Se bastasse un pezzo di carta a renderci migliori!

Mantieni l'equilibrio con te stesso e quindi con gli altri

Se bastasse un pezzo di carta a renderci migliori, a quest’ora saremmo circondati da Premi Nobel e novelli Gandhi, Di certo, non è affatto così…

Se bastasse un pezzo di carta a renderci migliori, a renderci ciò che non saremo mai ne ciò che pretendiamo di dimostrare di essere, a quest’ora saremmo circondati da prossimi Premi Nobel o da persone talmente proiettate nel futuro da considerarsi quasi degli alieni.

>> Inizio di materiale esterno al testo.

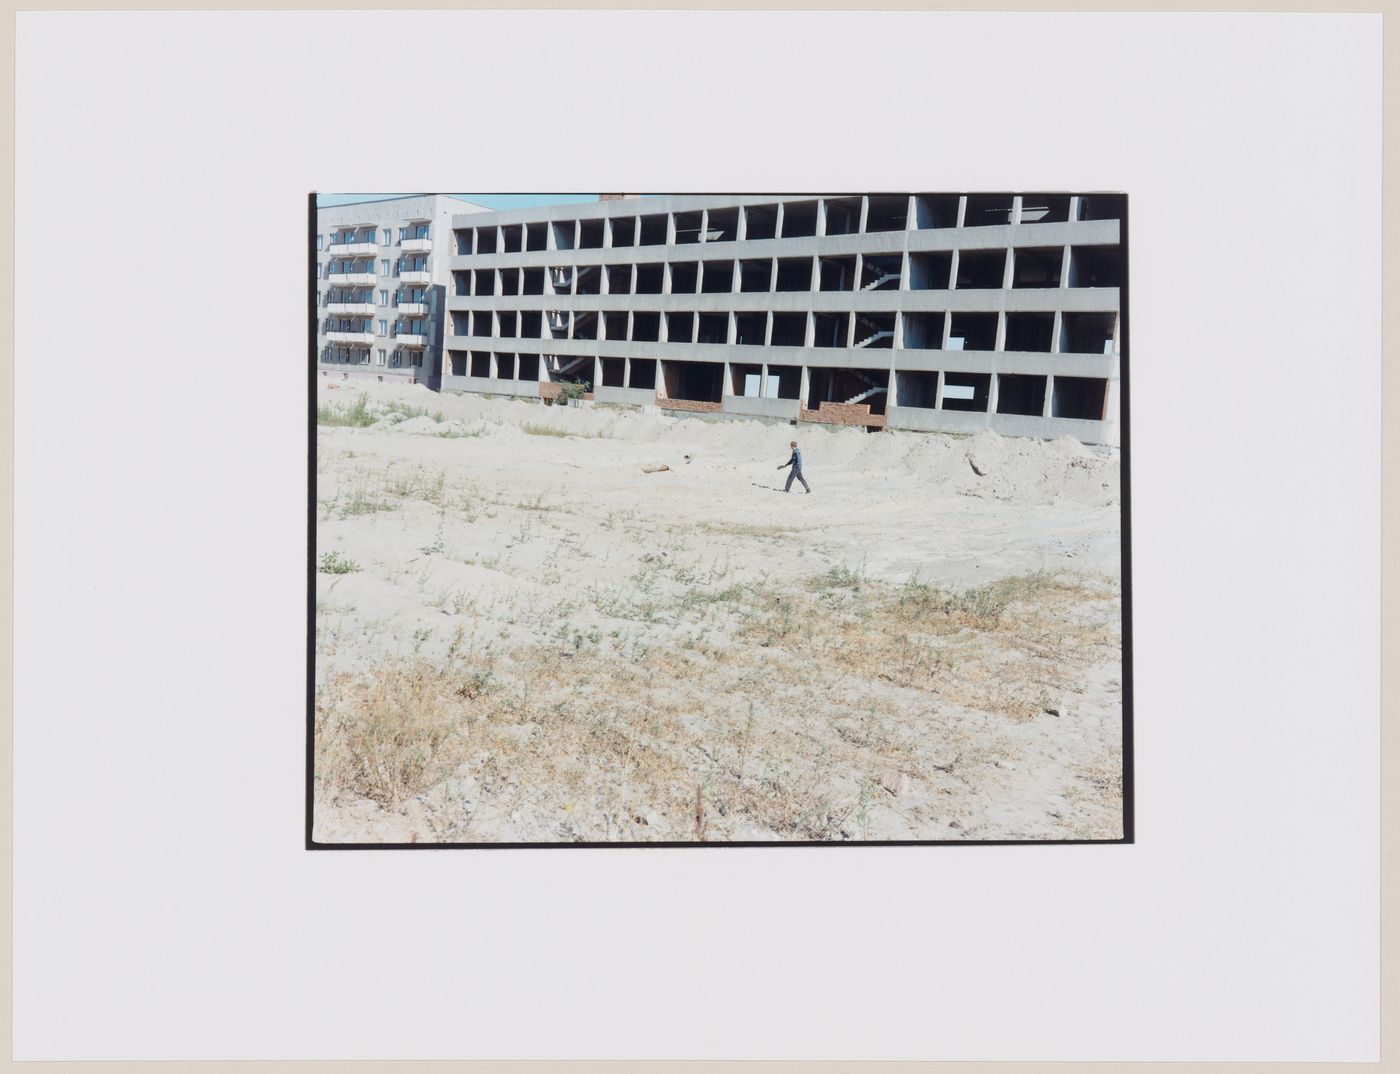 View of a building under construction, a vacant lot, and a person, Kaliningrad, Kaliningradskaia oblast', Russia (from the series "In between cities")

Decisamente, però, non è così: non è vantandosi di step dal valore alquanto dubbio che si diventa davvero delle persone degne di questo nome, e se lo dico è perché credo di aver avuto fin troppa esperienza con gente che vantava titoli di studio magari affascinanti all’apparenza, ma vuoti nei dati di fatto.

Ciò che conta non è apparire, ciò che conta è dimostrare di essere, che è una sfida ben diversa dal tentare di apparire indossando quella che io definisco una maschera sociale, realizzata ad hoc per permettere a chi ci conosce di mostrare solamente quelle parti di noi che intendiamo voler far vedere, nascondendo abilmente tutto ciò che – a conti fatti – rappresenterebbe una sorta di handicap agli occhi altrui, ma ci porterebbe, probabilmente, ad essere persone più vere e molto meno artefatte!

Sei tanto artefatta che ormai sei perfetta!
(Giuni Russo)

E allora, non sarebbe ora di crescere davvero e cominciare a diventare persone concrete, persone che dimostrano – con fatti concreti, tangibili e dimostrabili – quanto valgono, piuttosto che continuare ad ostentare sicurezze e felicità che non esistono nemmeno nei nostri sogni più reconditi?

Ecco: se si partisse già da quest’assunto, molto probabilmente, avremmo a che fare con persone più sincere e – decisamente – più gradevoli. Purtroppo, certi cervelli sono più duri del diamante: cercare di cambiarli o – peggio ancora – è impresa ardua ed impossibile, e – di fatto – è tempo perso!